• _Problem to work on_
Everything in the data except the pictures belongs in your answer, copied exactly.
------ Data shown
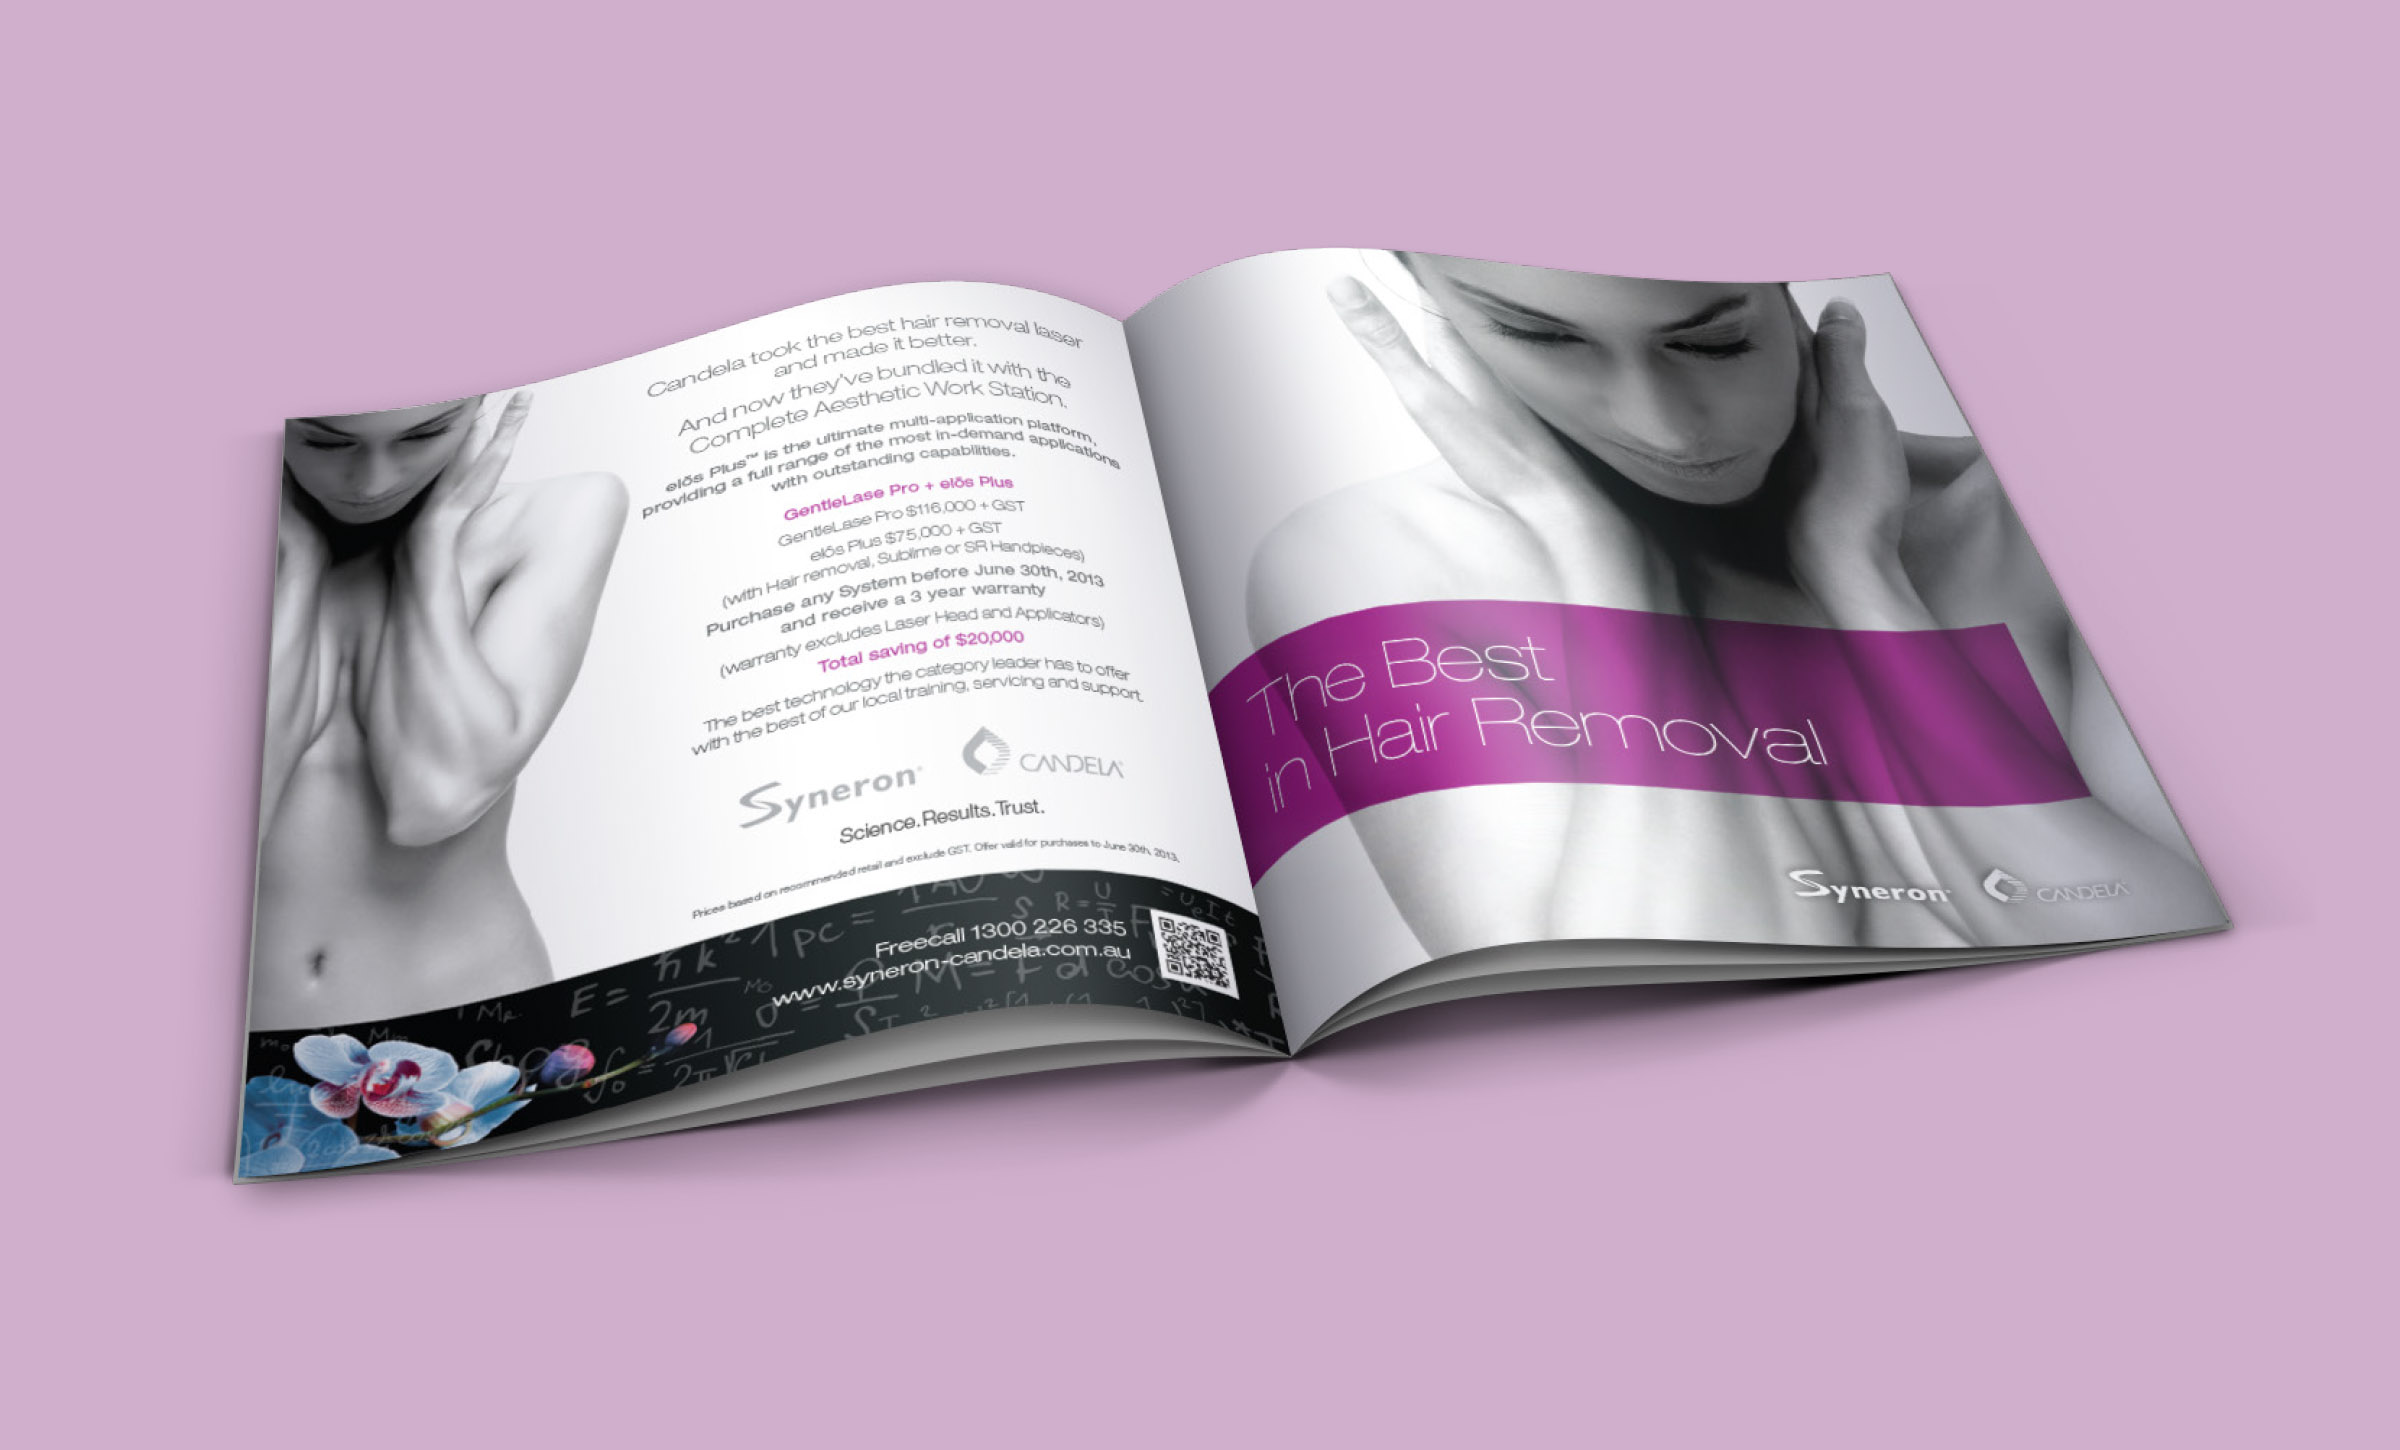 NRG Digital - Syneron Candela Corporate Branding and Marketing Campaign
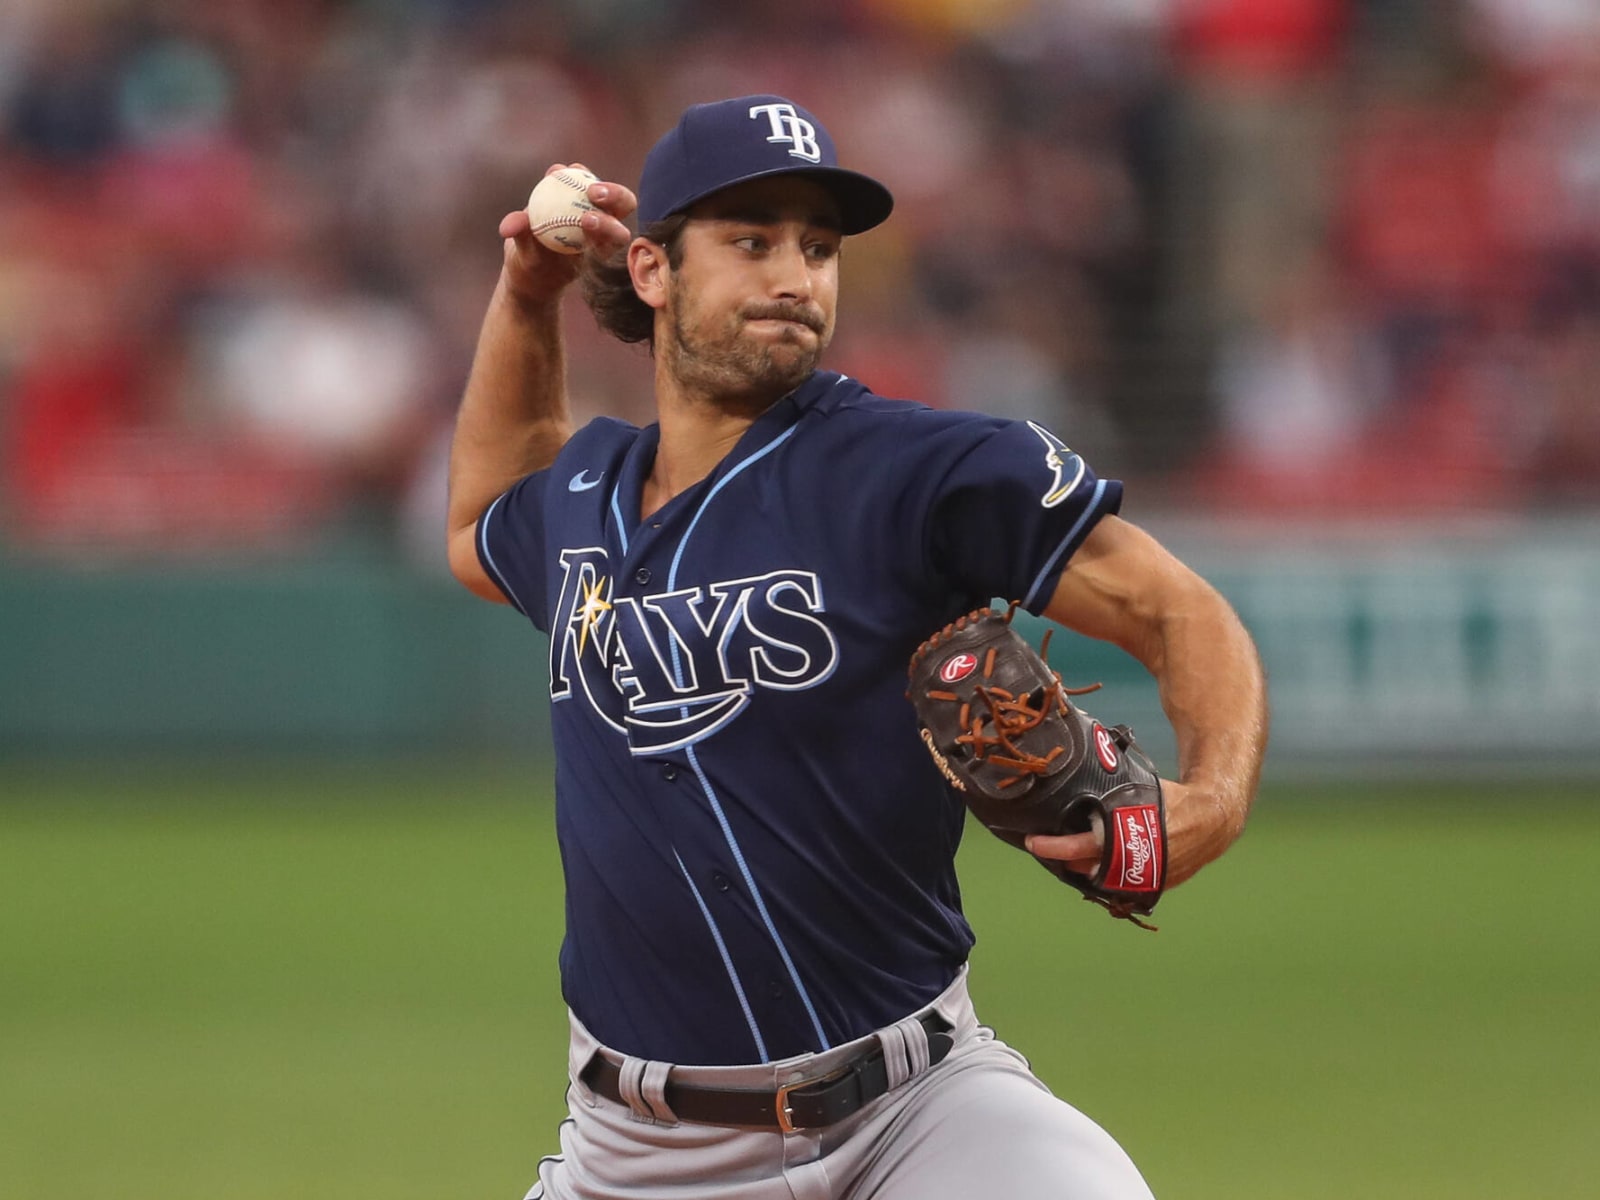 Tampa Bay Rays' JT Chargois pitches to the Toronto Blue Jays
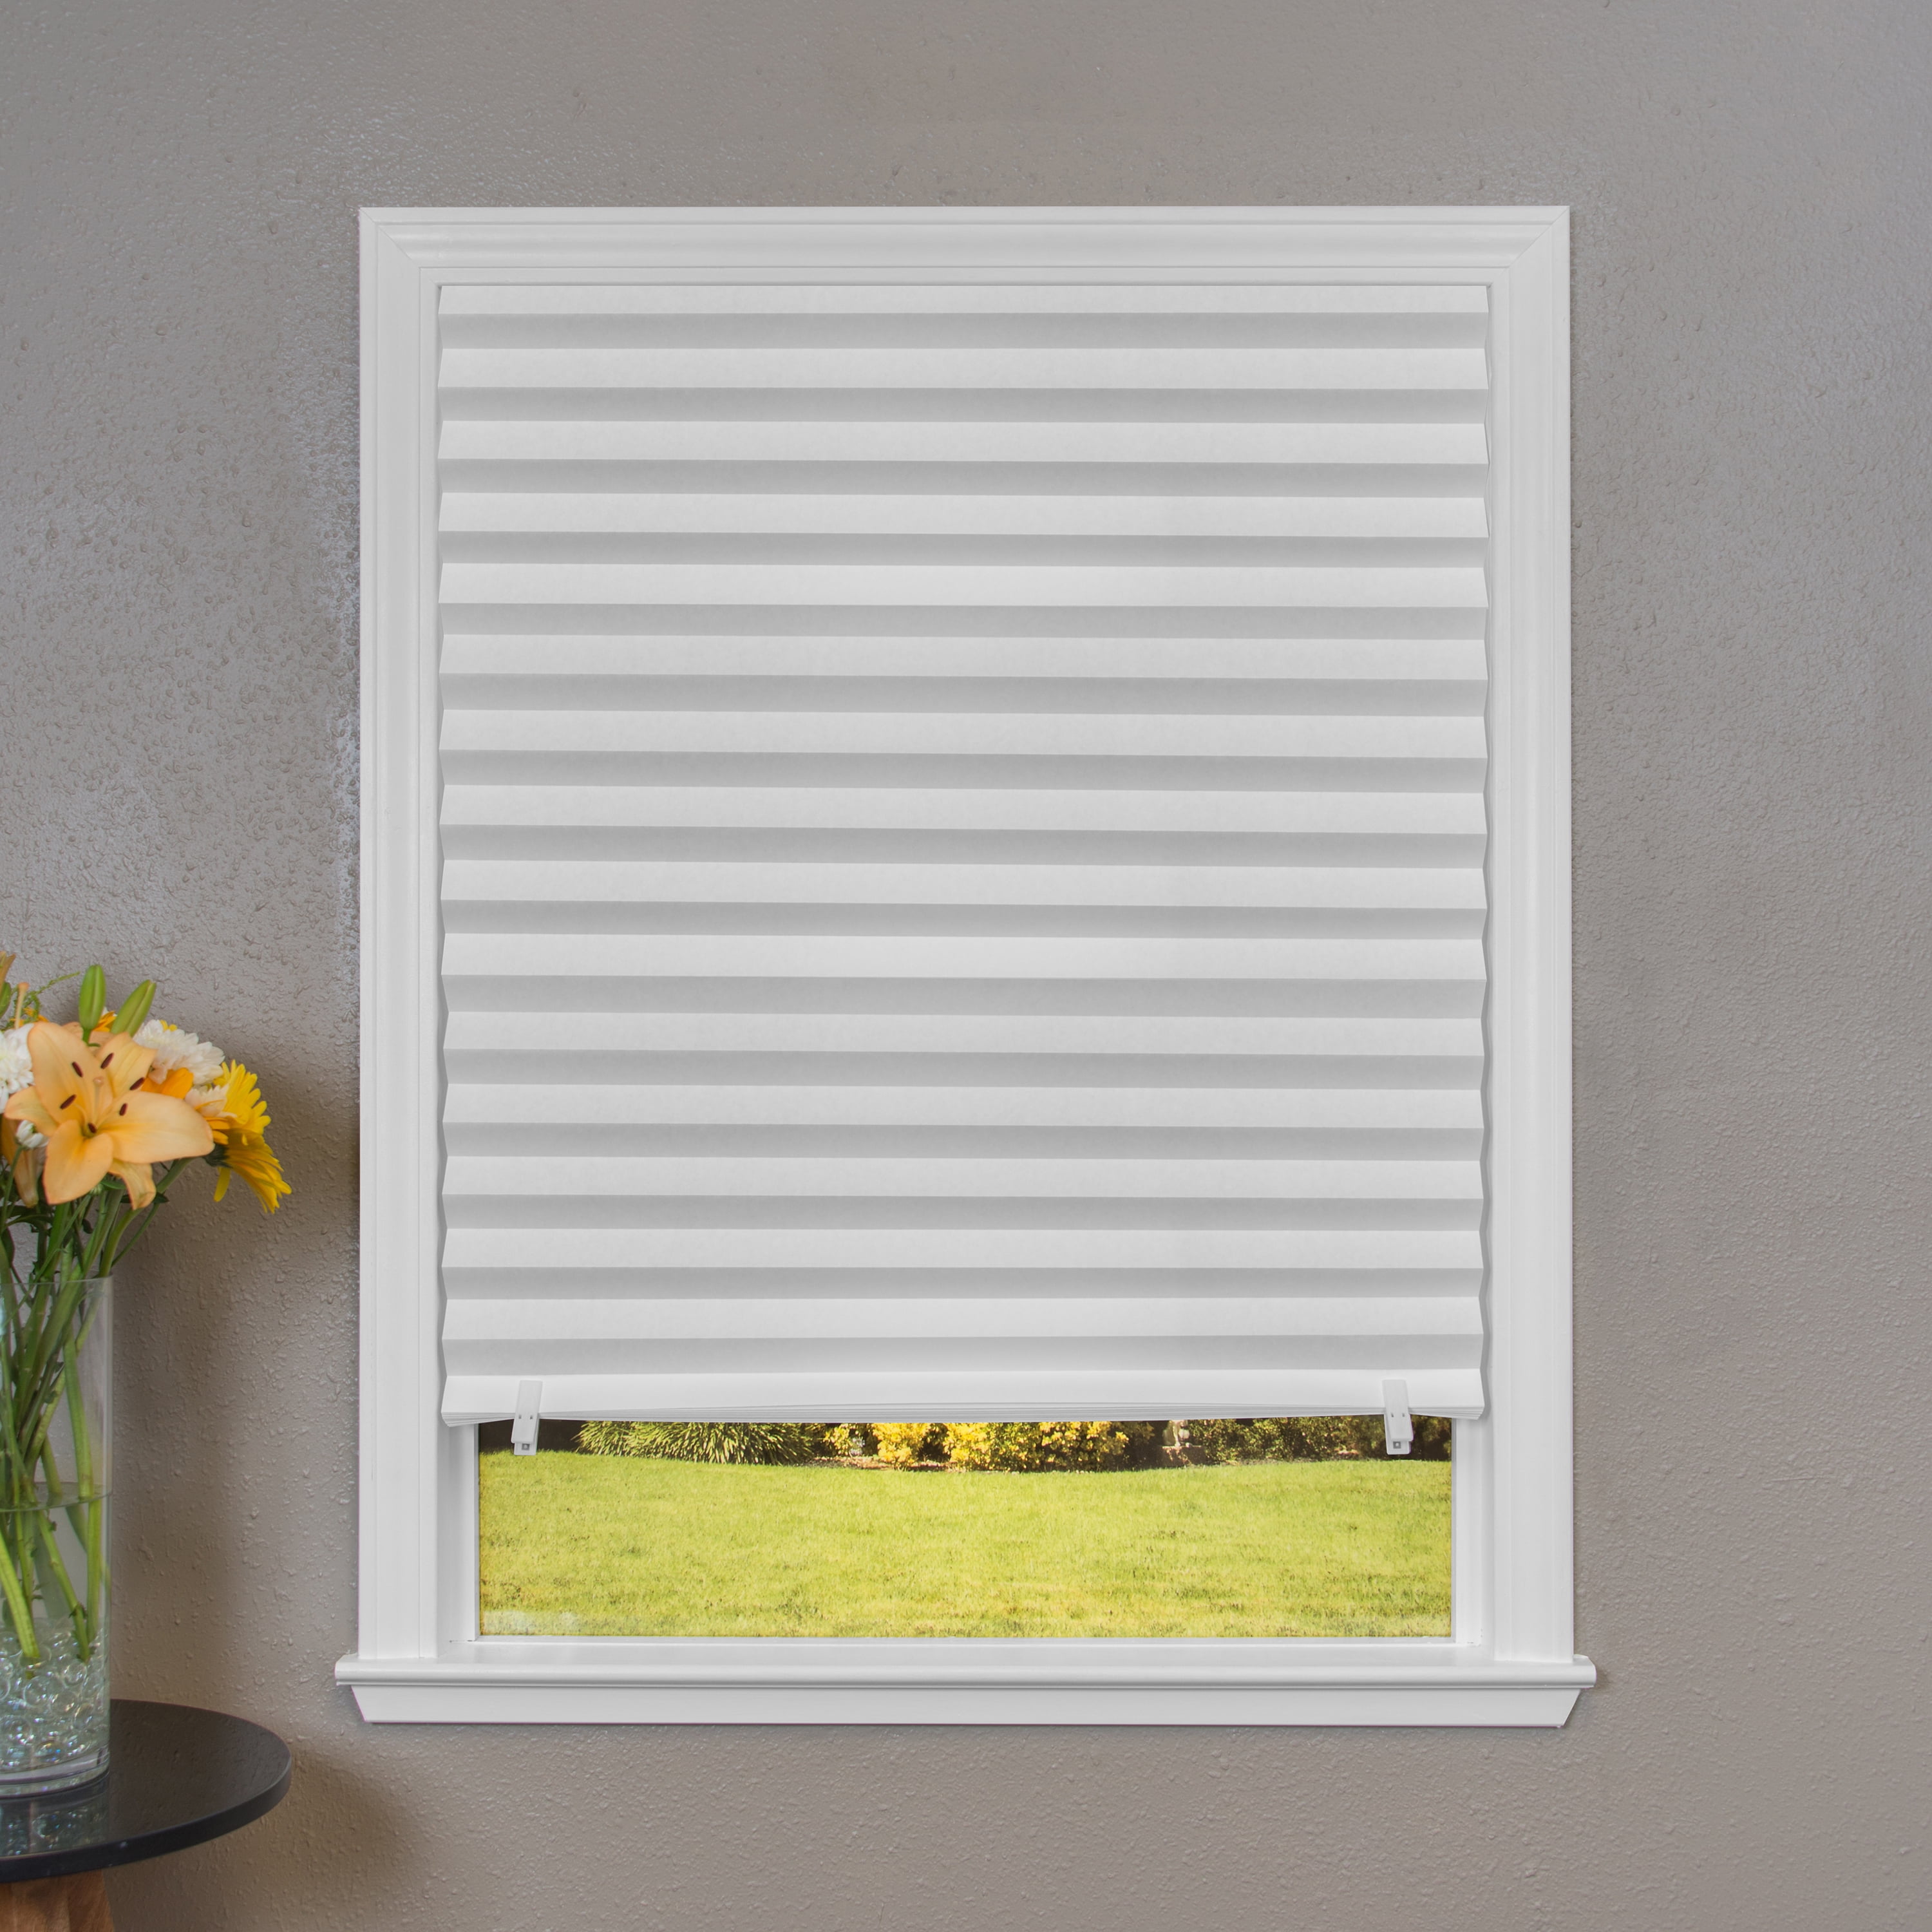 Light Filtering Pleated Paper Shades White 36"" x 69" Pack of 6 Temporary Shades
------------
• _Written response_
 NRG Digital - Syneron Candela Corporate Branding and Marketing Campaign
 Tampa Bay Rays' JT Chargois pitches to the Toronto Blue Jays
 Light Filtering Pleated Paper Shades White 36"" x 69" Pack of 6 Temporary Shades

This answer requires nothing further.